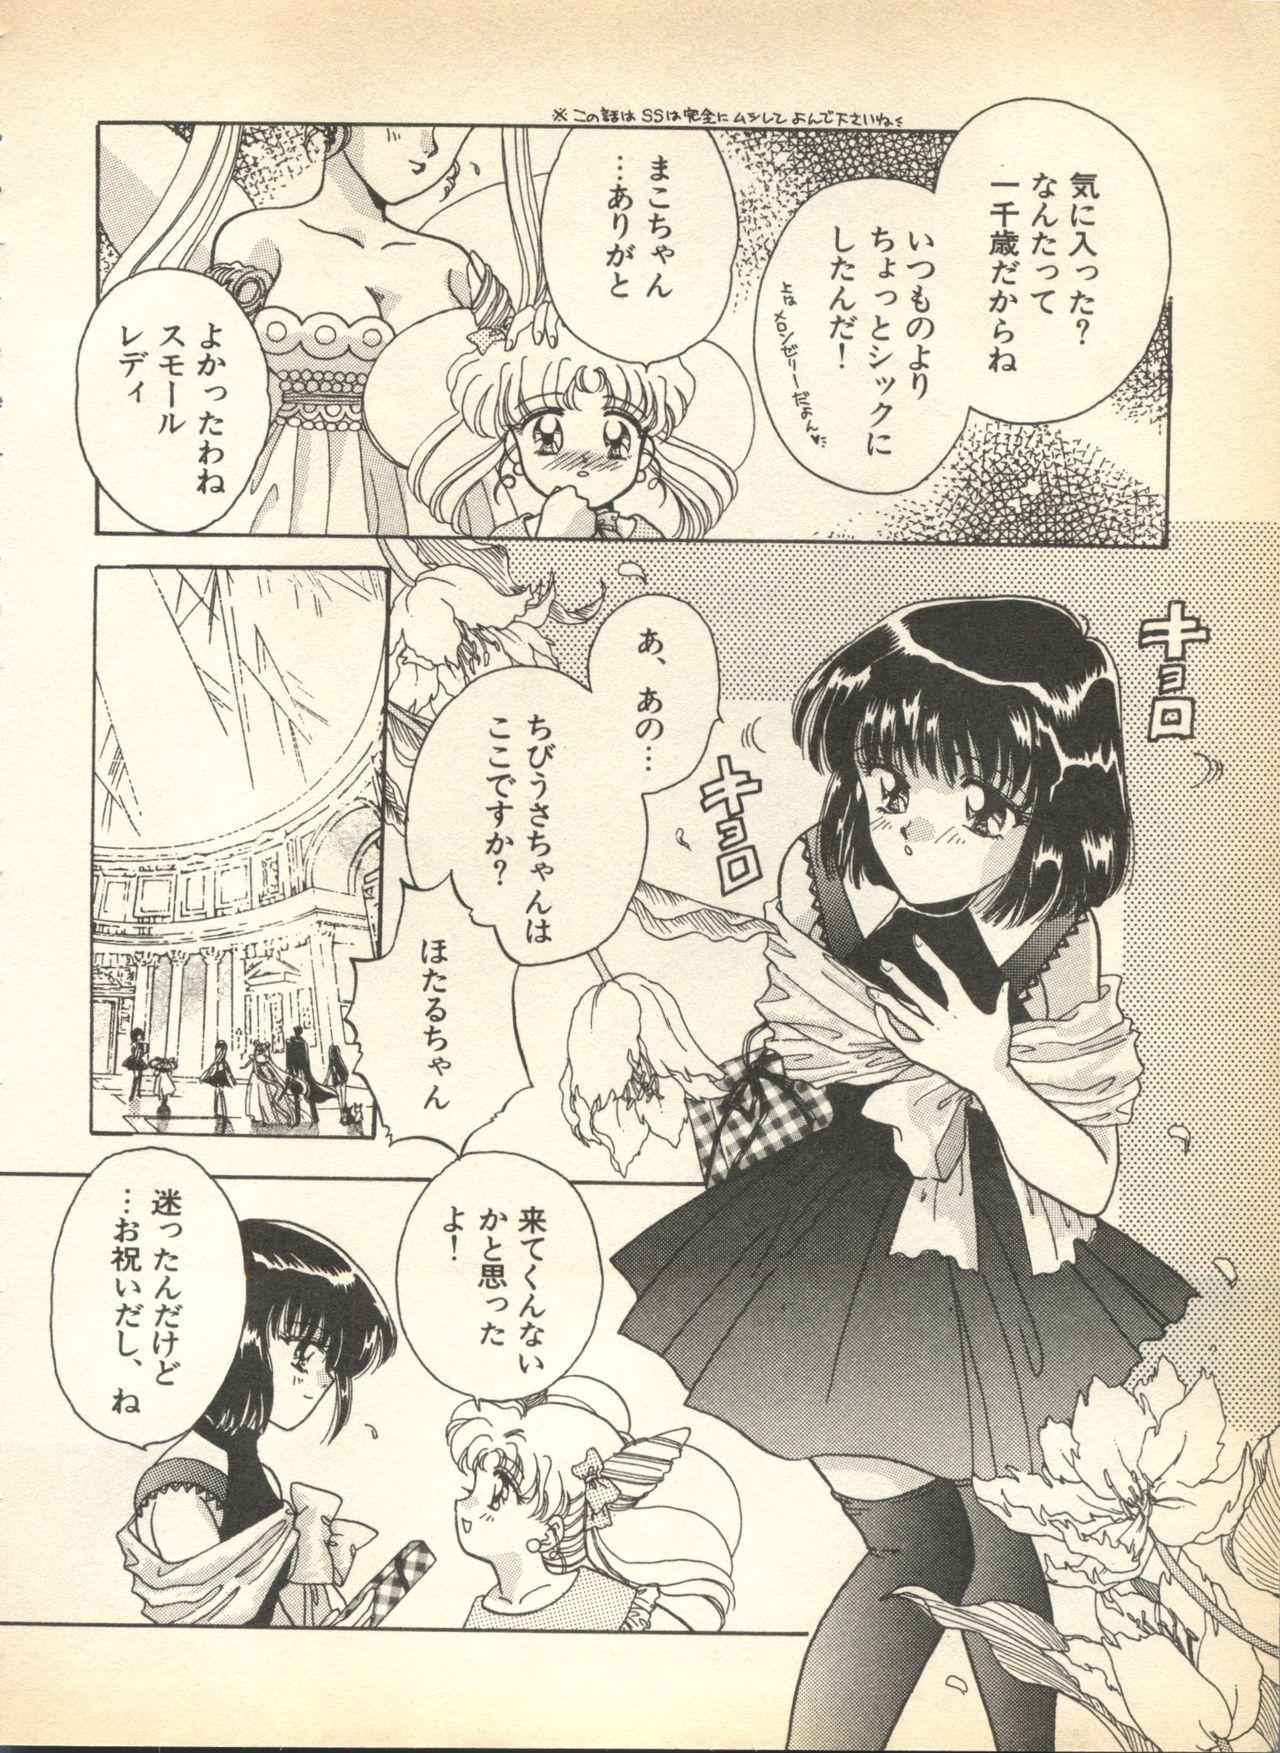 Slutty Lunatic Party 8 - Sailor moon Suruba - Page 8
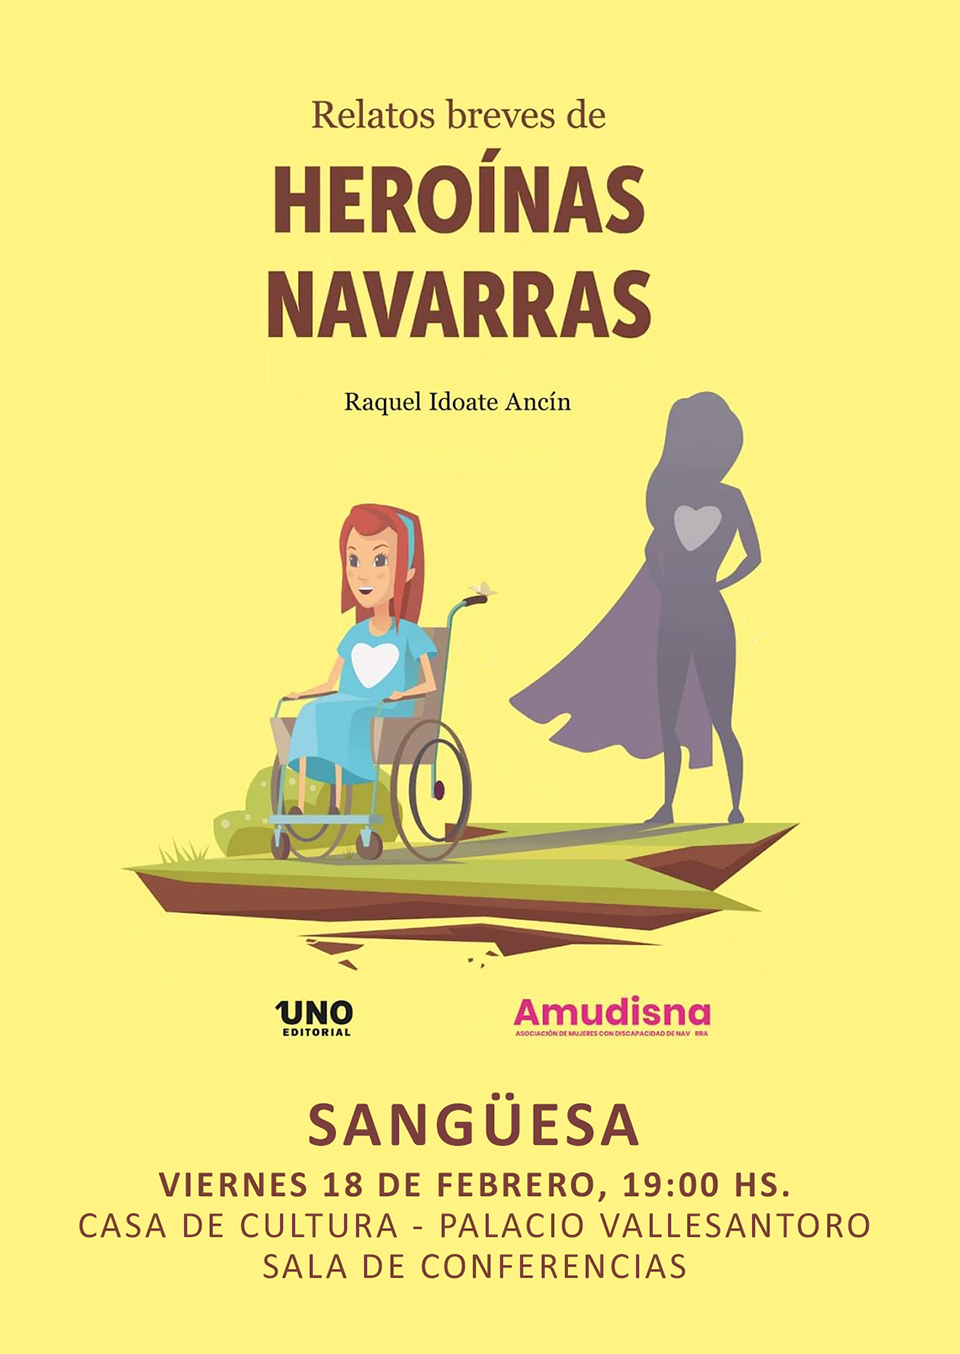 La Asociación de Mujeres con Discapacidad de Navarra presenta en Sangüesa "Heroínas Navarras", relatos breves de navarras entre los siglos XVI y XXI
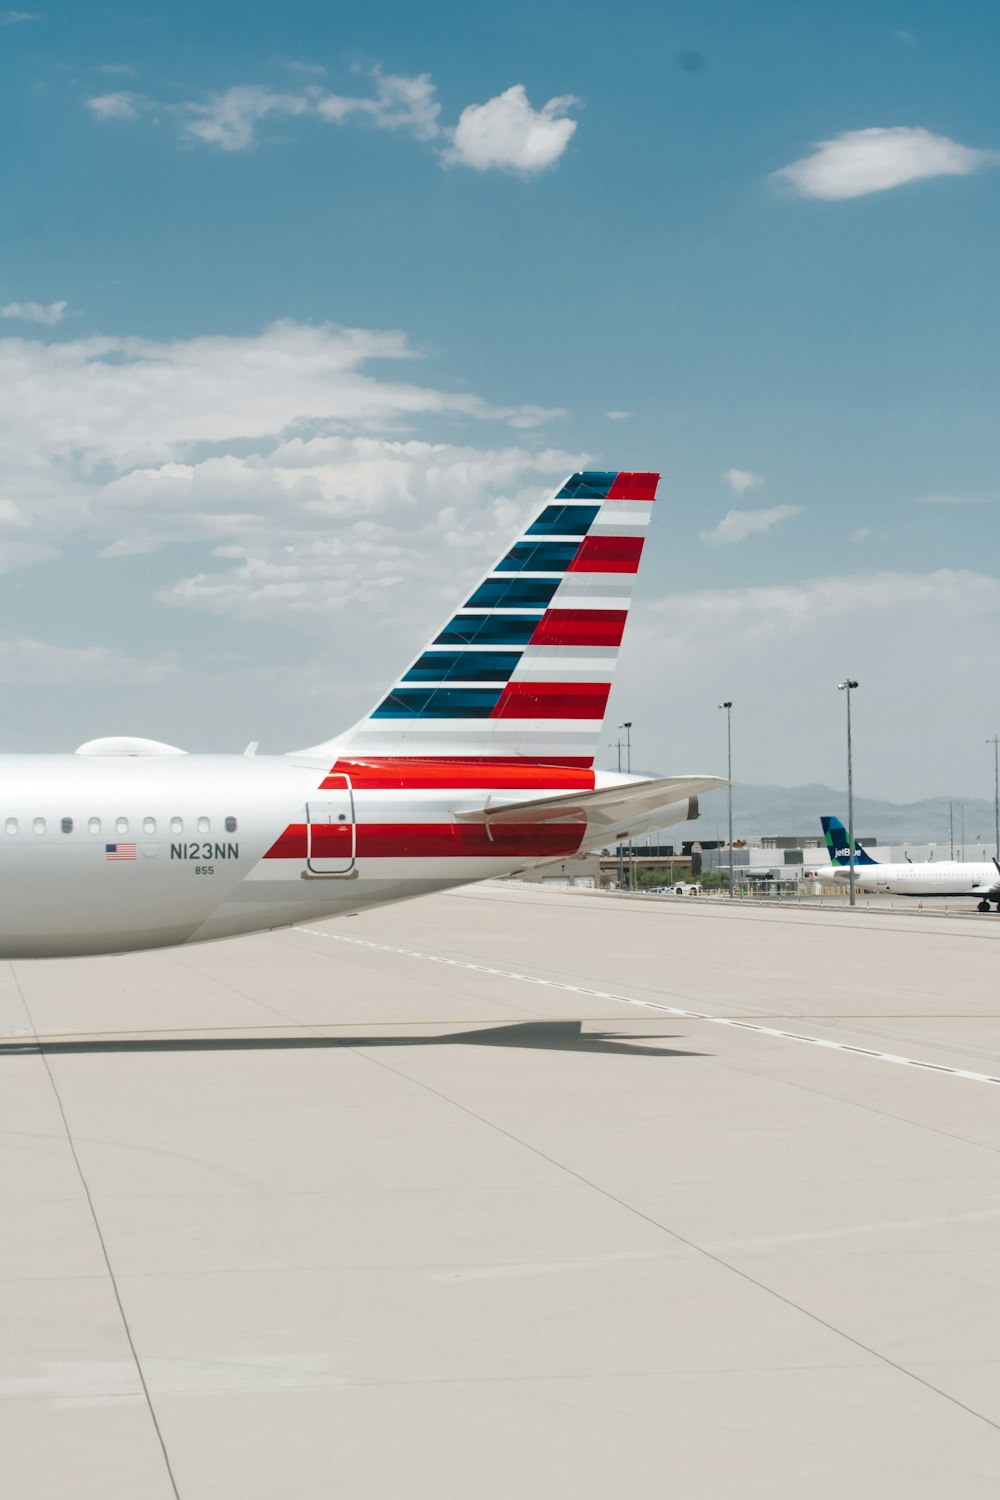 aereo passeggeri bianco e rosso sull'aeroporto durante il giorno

TASK DIRECTIONS -> What is needed is the data above, retyped exactly, with every picture left out.

OUTPUT BELOW ->
 Slutty Lunatic Party 8 - Sailor moon Suruba - Page 8
 La Asociación de Mujeres con Discapacidad de Navarra presenta en Sangüesa "Heroínas Navarras", relatos breves de navarras entre los siglos XVI y XXI
 aereo passeggeri bianco e rosso sull'aeroporto durante il giorno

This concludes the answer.